Aim of the exercise: Skip pictures in the listing below; copy exactly the lines from the one with "सांसद Vishnudutt Sharma" through the one with "Ręcznik 50 x 100 cm LIVARNO HOME promocja", inclusive.

*** Opening Entries provided ***

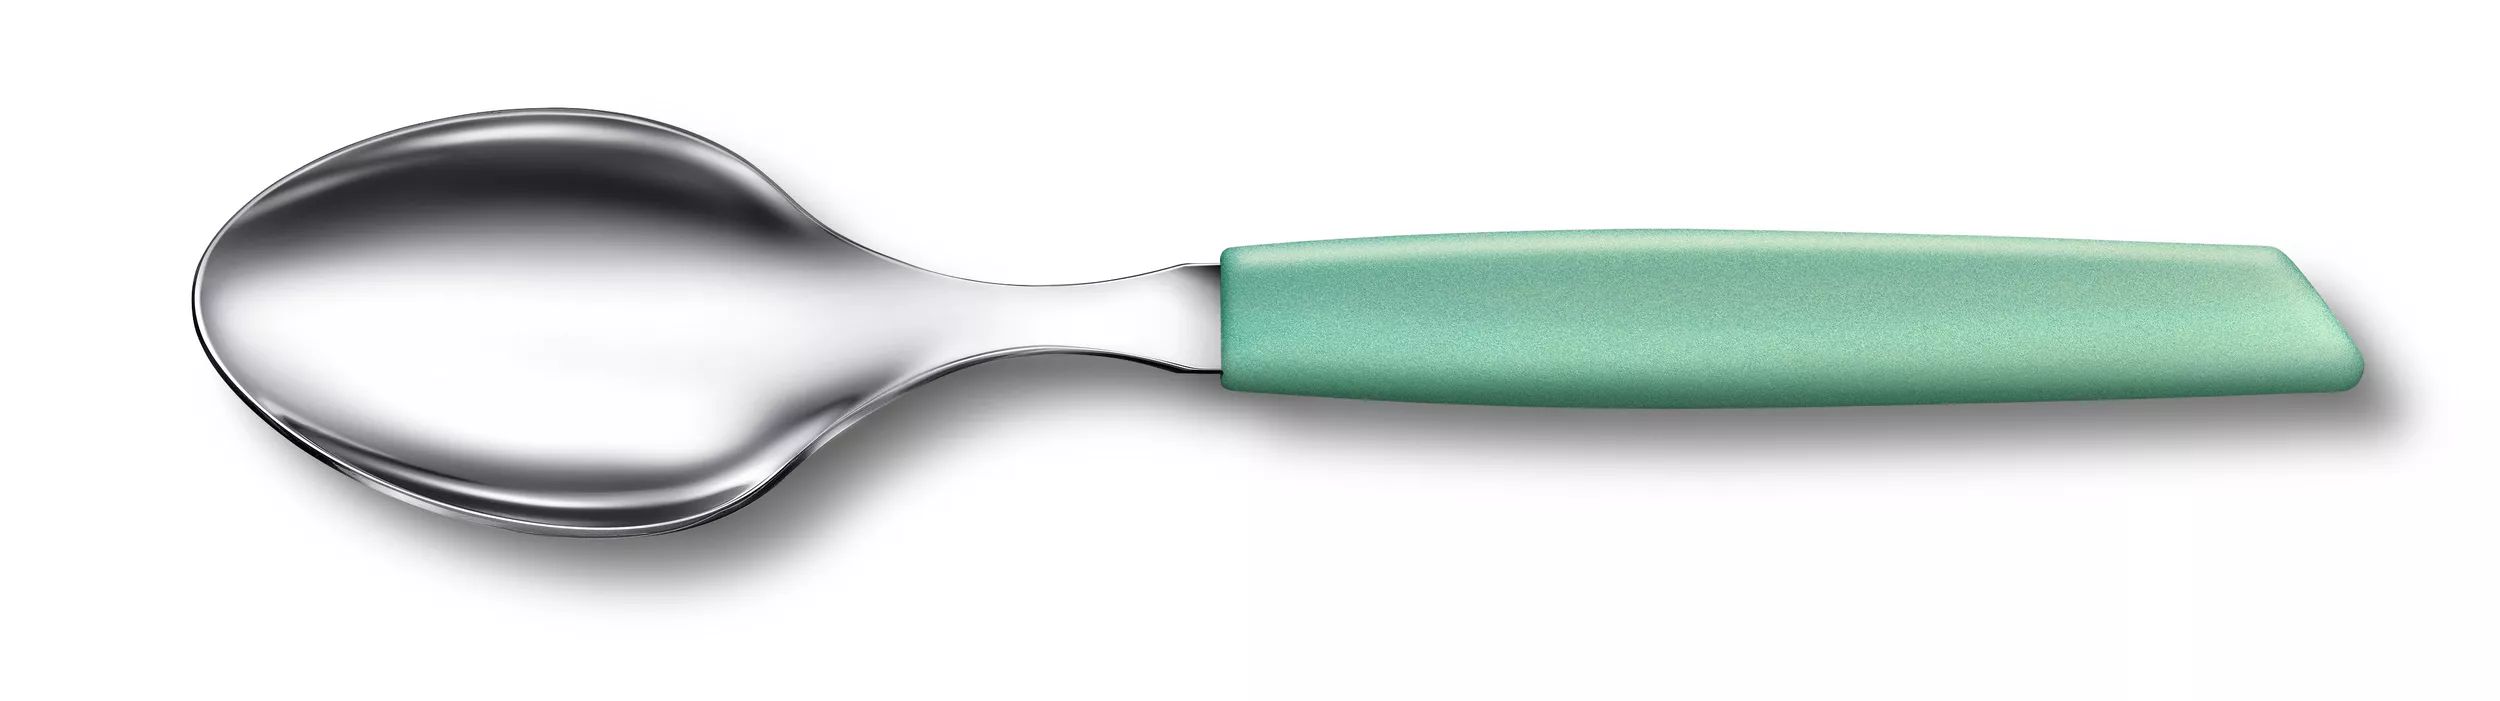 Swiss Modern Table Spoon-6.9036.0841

*** Closing Entries provided ***
*** Opening Entries provided ***

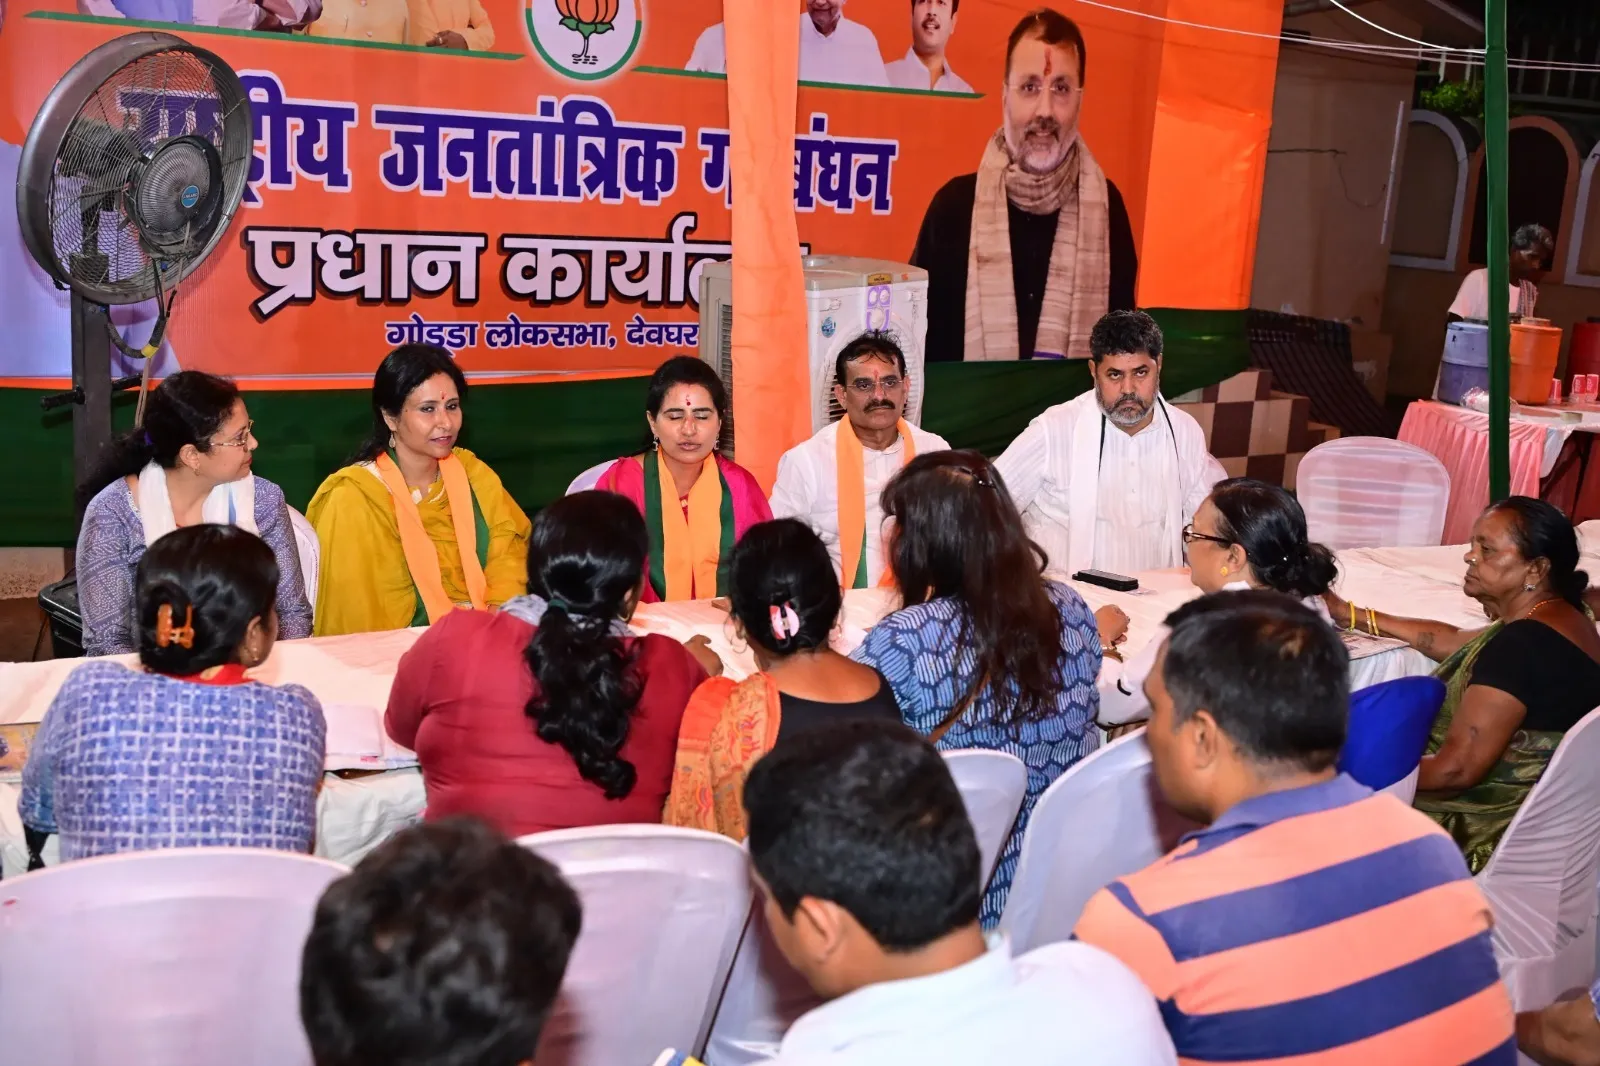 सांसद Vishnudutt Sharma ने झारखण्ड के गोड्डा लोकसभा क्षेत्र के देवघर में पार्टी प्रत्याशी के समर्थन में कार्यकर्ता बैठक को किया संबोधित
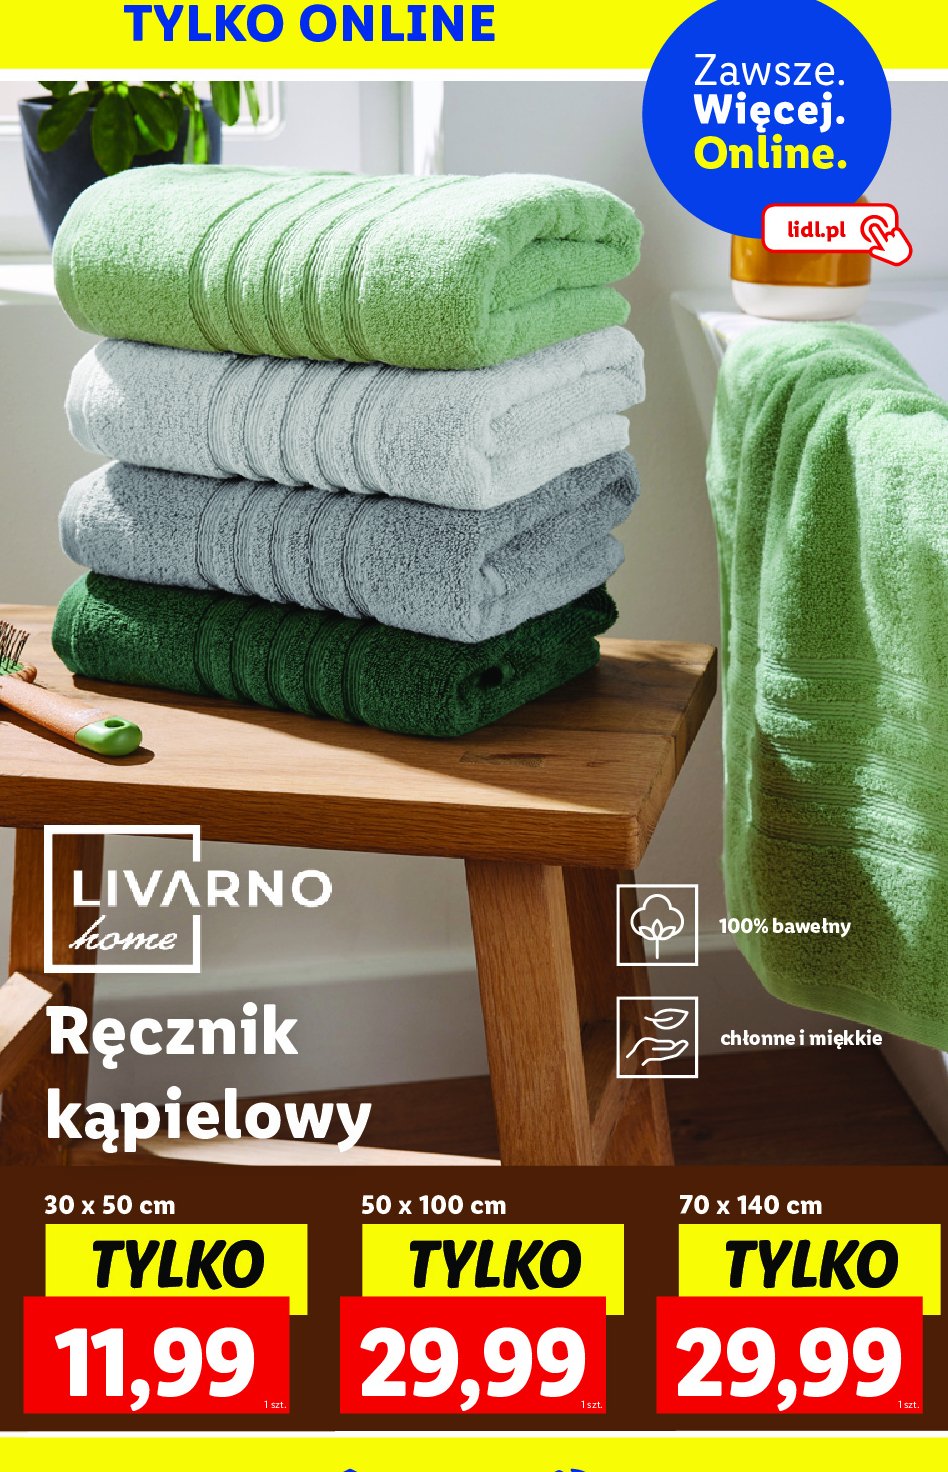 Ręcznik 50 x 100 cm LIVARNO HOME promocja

*** Closing Entries provided ***
*** Opening Entries provided ***

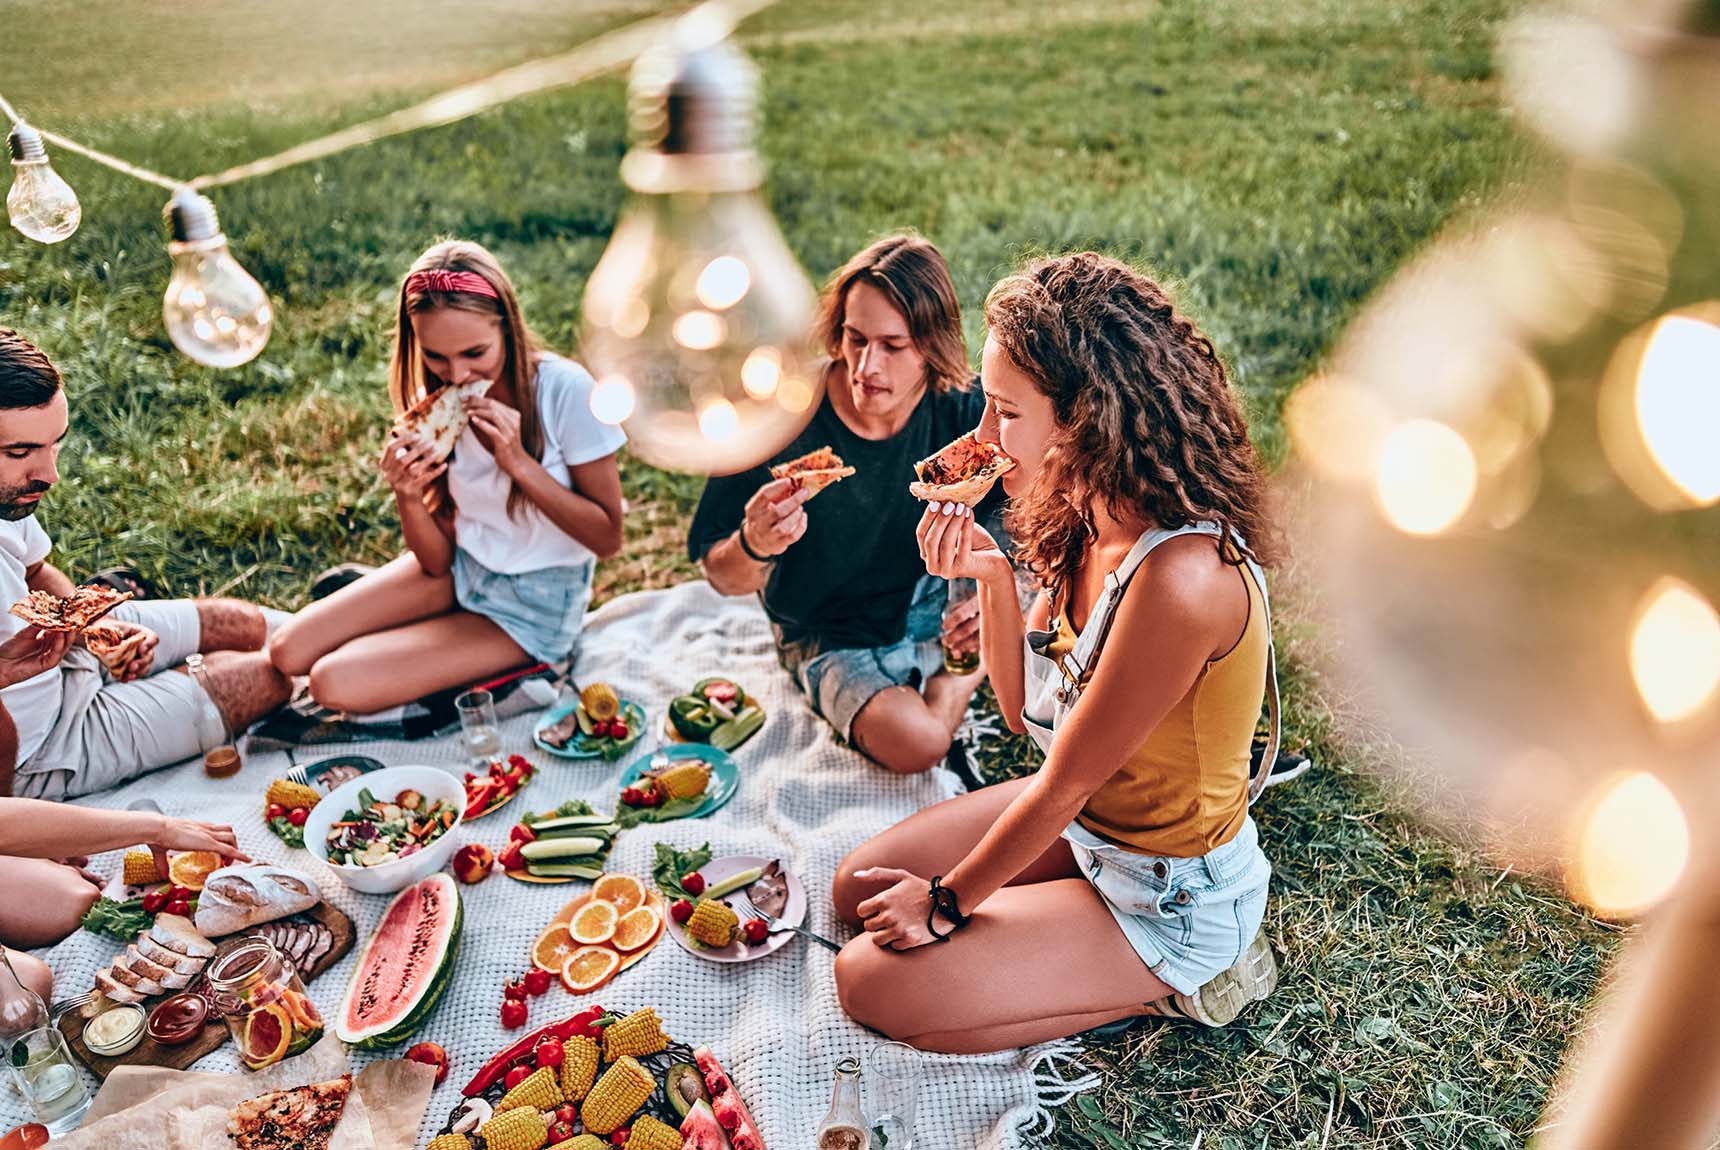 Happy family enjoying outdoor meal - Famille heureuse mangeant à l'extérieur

*** Closing Entries provided ***

The answer:
 सांसद Vishnudutt Sharma ने झारखण्ड के गोड्डा लोकसभा क्षेत्र के देवघर में पार्टी प्रत्याशी के समर्थन में कार्यकर्ता बैठक को किया संबोधित
 Ręcznik 50 x 100 cm LIVARNO HOME promocja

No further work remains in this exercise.